We report on racy goings-on, with recently arrested property magnates throwing yacht parties, firms hosting lavish dinners, and politicians talking procreation. And some said Mipim was tamer this year …

In absentia
Nothing quite elevates a party to must-go status than the arrest of its hosts 24 hours in advance. For the 100 select guests invited onto Vincent Tchenguiz’s 130ft yacht Veni Vidi Vici last Thursday night at Mipim it was quite a coup. After the Tchenguiz brothers were arrested and then released by police in relation to their involvement in the collapse of Icelandic bank Kaupthing, the duo responded by throwing a lavish bash on their boat in Cannes complete with champagne, foie gras, caviar, squid ink risotto and, erm, a party mix of europop and Britney Spears.

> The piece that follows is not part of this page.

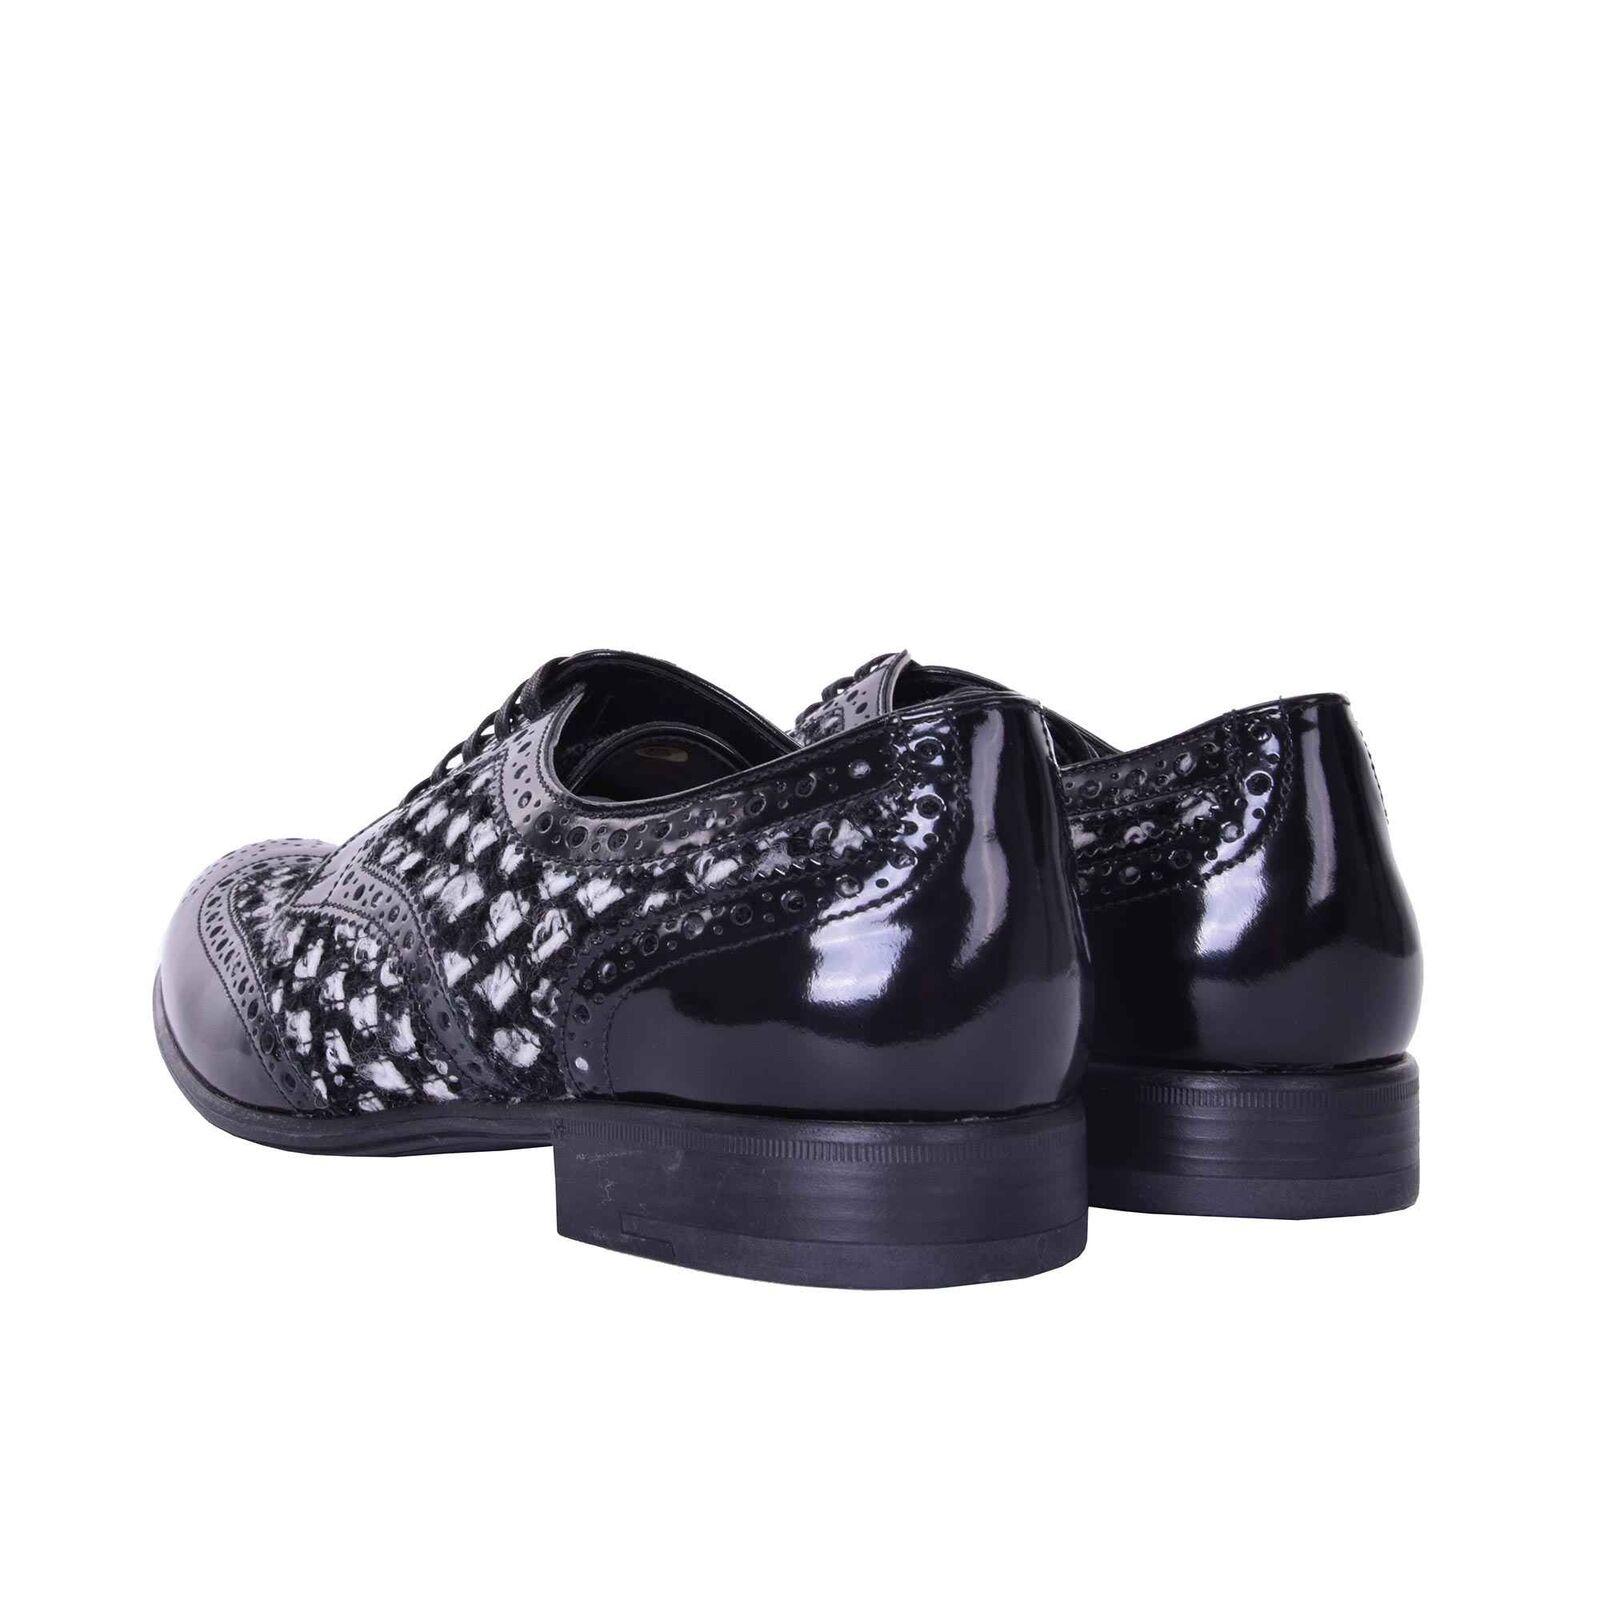 DOLCE & GABBANA Derby Schuhe Schuhe Schuhe BOY aus Leder und Boucle Schwarz Schuhes 06191 f8bfee

The brothers themselves were nowhere to be seen - a spokesperson said they had remained in the UK and sent their best regards. But suspicions they could be on board after all were soon raised when waiters began carrying piles of food below deck. Although nobody could get far enough past security to confirm the hunch, rumours were rife. Stowaways on their own vessel? That’s the sign of a very bad week indeed.

Out of Africa
If you were at Aecom’s dinner on the Wednesday night, you’d be forgiven for thinking that the good old days were back. The bill at the end of the night, I hear, for a dozen diners, came to a cool €4,000.

The ’68 vintage bottle from the restaurant’s wine cellar might not have helped keep costs down. Still, at least Aecom’s hospitality budget for Cannes has expanded now it no longer has to wine and dine people in Libya. The rumours are that it had to pull about 300 or so people out of the country. Ouch.


Back in the day

The Tchenguiz affair proved that Mipim has still got it when it comes to glamour and scandal, but if the antics of a certain head of services at a major UK consultant are anything to go by, there’s a risk that delegates are becoming lightweights compared with pre-recession debauchery. Said attendee was so tired and emotional on Wednesday night that he tripped on the road, hurt the tendons in his leg, and ended up in hospital. At five in the morning? No, at 8pm. Compare this with the reminiscences of one old timer, overheard at a Cannes taxi rank, remembering one hedonistic Mipim in the early 2000s: “I was here five days and slept about 10 hours. We’d drink until 5am, go to the casino till about 8am, get some breakfast and be back round the pool with a drink”.

Let’s be productive
London mayor Boris Johnson, as you would expect, was on top form at Mipim, delivering ever more hilarious speeches over the course of Tuesday, although not everything went down quite as he had planned. There was a sharp intake of breath from a number of delegates when he claimed that “we’re not here for a jolly”. And it was difficult to tell whether delegates were laughing with him when he declared that cities “are the best places to reproduce” in his keynote speech. Another reason that the mayor left his rural constituency for the fertile lights of the big city?

City of Willmott
London, lest we forget, is not the only city in the UK, and Johnson made a show of touring the many regional stands at Mipim last week so the rest of the country doesn’t feel too left out of the capital’s buoyant mood. There was a Thick of It moment, however, when he accosted Andy Geldard, Willmott Dixon’s St Albans-based press chief, believing him to be a representative of Manchester. As one would expect from Geldard, the opportunity was not wasted and a 10 minute chat ensued.

Morning glory
Another speaker who is always excellent value for money was Peter Rees, London’s top planning officer. Describing the ascent of the Shard visible from his south facing London abode, Rees told his audience that every morning he “draws the curtains, and sees an enormous erection”. With the capital’s leaders linking construction and virility together so firmly in their minds, is it any wonder that development in London is going hell for leather at the moment?